Читаем Там, где тебя ждут полностью

Выждав несколько минут, кошка волнообразным способом спустилась с буфета и направилась к хозяйке дома, которая, как заметила кошка, необъяснимо плюхнулась на пол, закрыв руками лицо. Кошка упорно терлась головой об ее ноги, ожидая отклика. Не дождалась. Женщина продолжала недвижимо сидеть. Кошка протиснулась в щель между лодыжками. Просто удивительно, когда же эта женщина наконец встанет, почему она так странно ведет себя и когда же она наконец вспомнит, что кошка еще не завтракала.

* * *

Дэниел достал два гомеопатических шарика. Он понятия не имел, каково их назначение. Натуральная, видимо, бумажная этикетка так потерлась и выцвела, что невозможно прочесть даже название медикамента.

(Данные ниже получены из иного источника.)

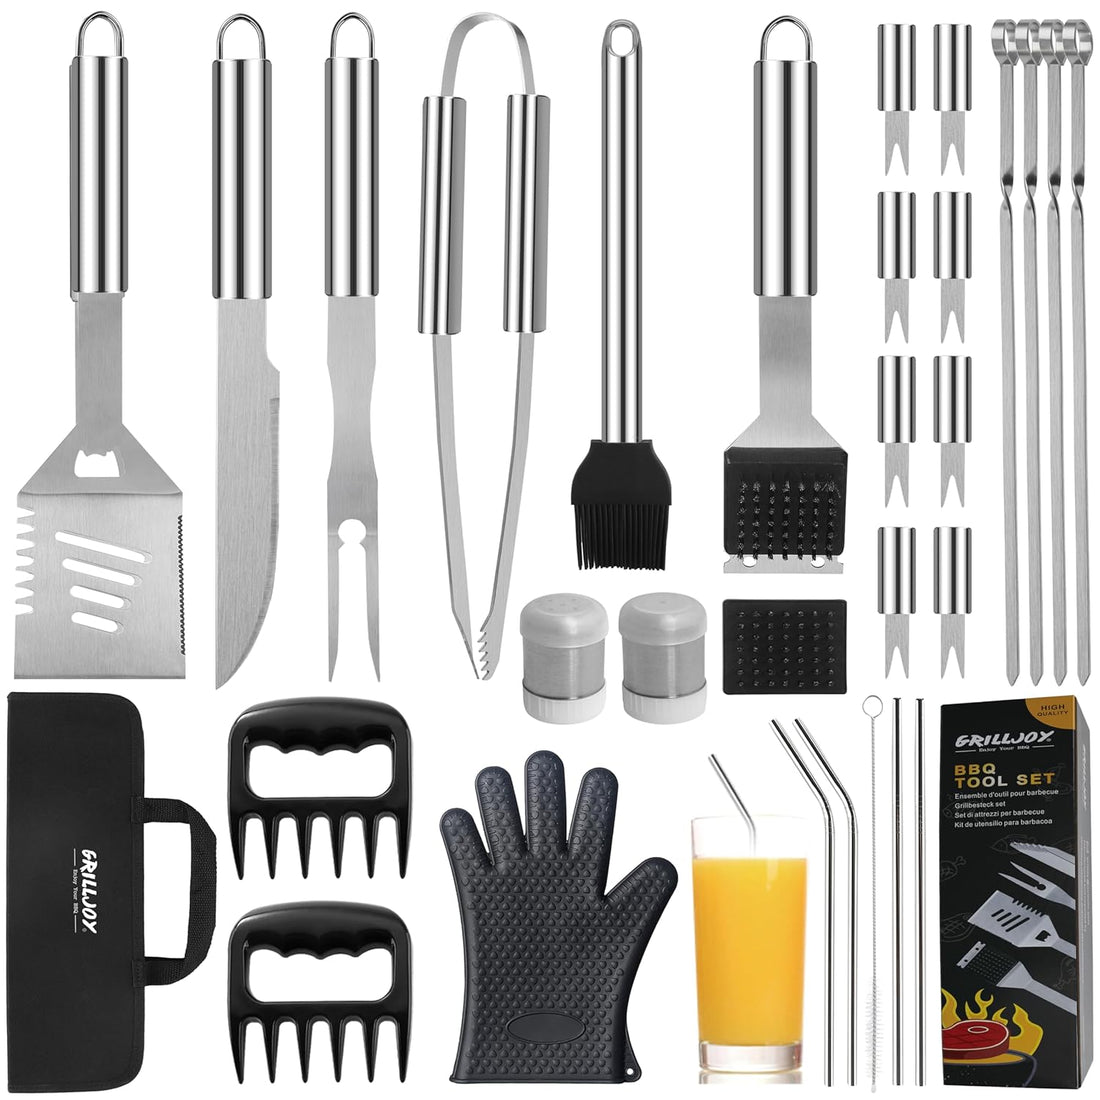 grilljoy 30PCS BBQ Grill Tools Set with Meat Claws - Extra Thick Steel Spatula, Fork& Tongs - Complete Grilling Accessories in Portable Bag - Perfect Grill Gifts for Men and Women

Неужели ты действительно назвал это медикаментом? Нет ли для этого более подходящего названия? Он уверен, что есть. Лекарство? Нет. Есть еще какое-то нарочито загадочное название.

Эти таблеточки – он вспомнил, что их следовало называть «пилюльками», хотя и считал такое слово весьма неблагозвучным заимствованием из французского языка, – очень маленькие и сладкие. Он погонял их по языку, пока они не растворились, превратившись в магический сладкий порошок. Неудивительно, что дети всегда с удовольствием соглашались их принимать.

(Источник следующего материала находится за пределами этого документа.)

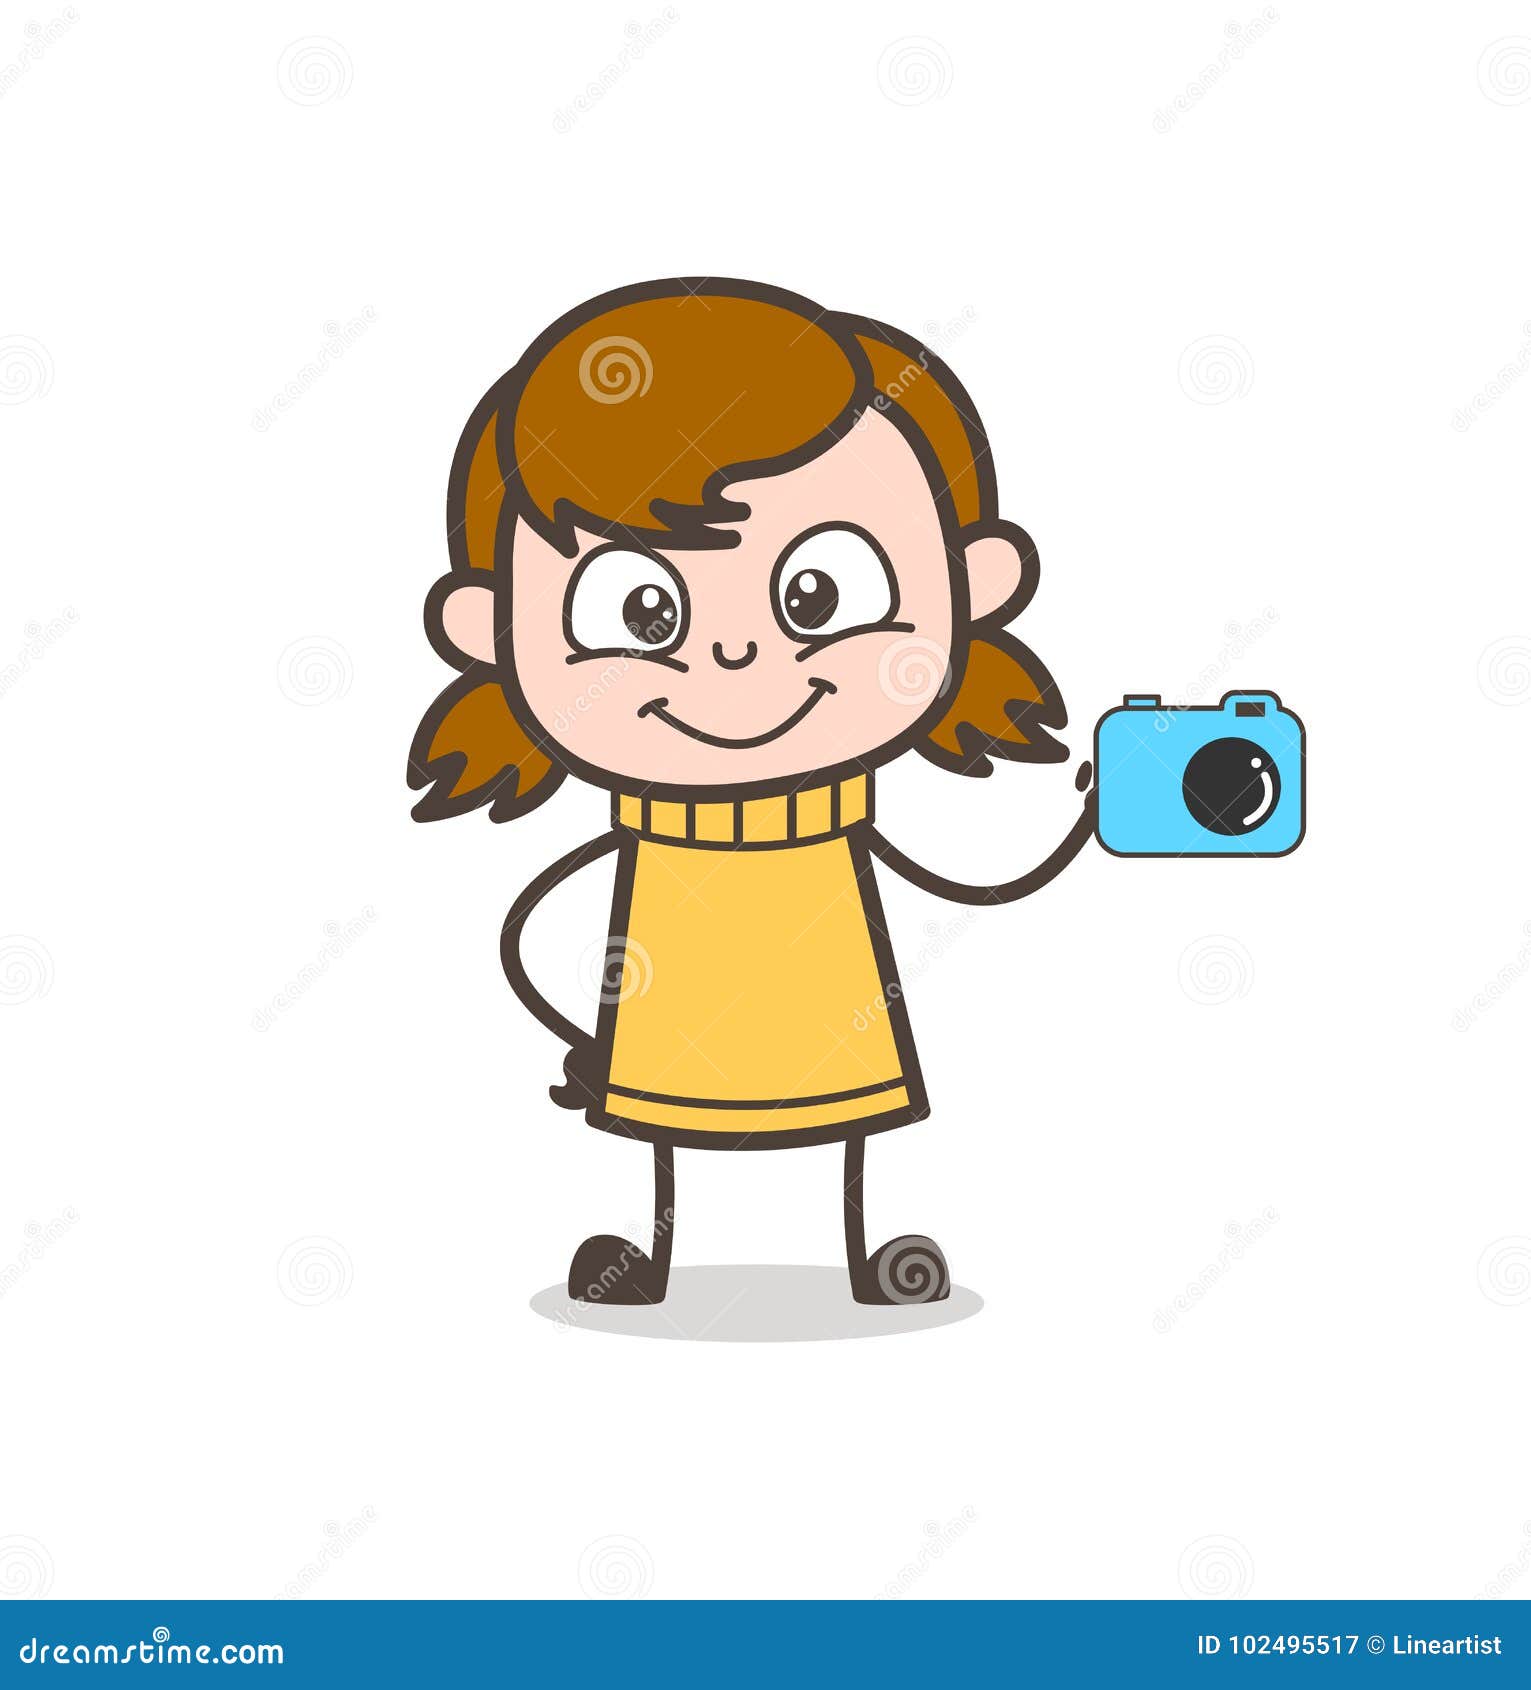 Salesgirl Cartoons, Illustrations & Vector Stock Images - 139 Pictures ...

Он достал еще две штучки. Поднес пузырек к свету. Множество мелких, идеально круглых и одинаковых шариков. Теперь он разглядел и название на этикетке «Игнация»[96] – написанное выцветшими полустертыми чернилами, и внезапно вспомнил, как Клодетт дала их ему, когда уходила из этой самой квартиры, после того как привезла его обратно с похорон Фебы. Они жили раздельно уже около года, но, услышав о трагедии, она отправила детей к Лукасу и приехала к нему в Лондон, доставила его в аэропорт, держала за руку в полете, отвезла на похороны, потом забрала, следила, как он пил в отеле в тот вечер, довела до номера, мягко развела его руки, когда он неловко попытался обнять ее, а потом доставила обратно в Лондон. Он вспомнил, как она вложила пузырек в его протянутую ладонь, здесь в этой самой комнате, и удалилась, а он тянул руку вовсе не за шарлатанскими гомеопатическими лекарствами, но именно их она дала ему. «Игнация». Она еще имела наглость добавить:

– Для облегчения горя.

– Ты думаешь, – крикнул он ей, – что это бессмысленное дерьмовое плацебо вернет мне дочь? Или облегчит боль потери тебя? Неужели ты так думаешь? Что это может хоть в чем-то помочь?

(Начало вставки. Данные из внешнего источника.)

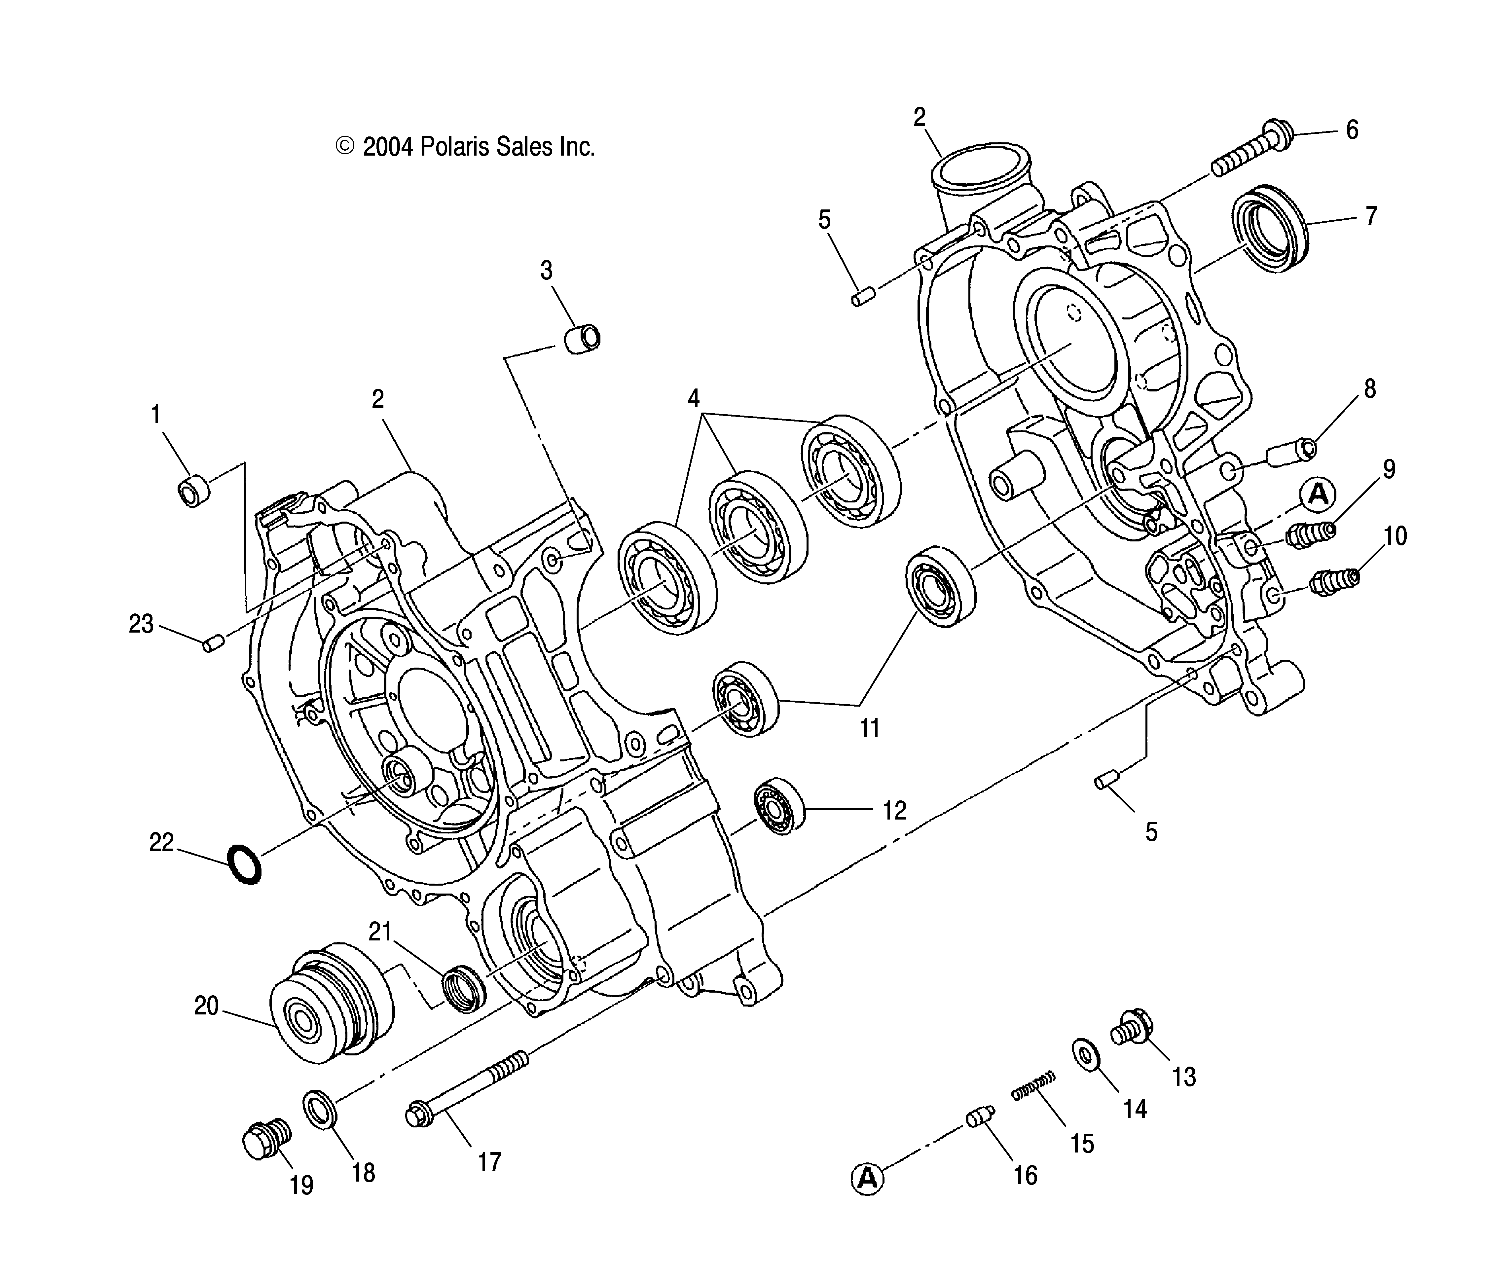 Part Number : 3089240 CRANKCASE ASSEMBLY

Дэниел заглушил воспоминание. Ему не хотелось думать о том, как она уходила в тот день, удалялась от него по коридору. И он не выбежал за ней на лестницу, не выбежал. Он не стал окликать ее, пока она шла по тротуару к такси. Не стал тогда ни умолять, ни пытаться удержать ее, хватаясь за что угодно, за ее куртку, за ее руки, за ее сумку. Он уверен, что сдержался.

Он закинул в рот еще два шарика, потом еще парочку. Возможна ли передозировка в приеме этих пилюлек? Из горла Дэниела вырвался хриплый лающий смех. Вот был бы удивительный случай. Смерть от плацебо.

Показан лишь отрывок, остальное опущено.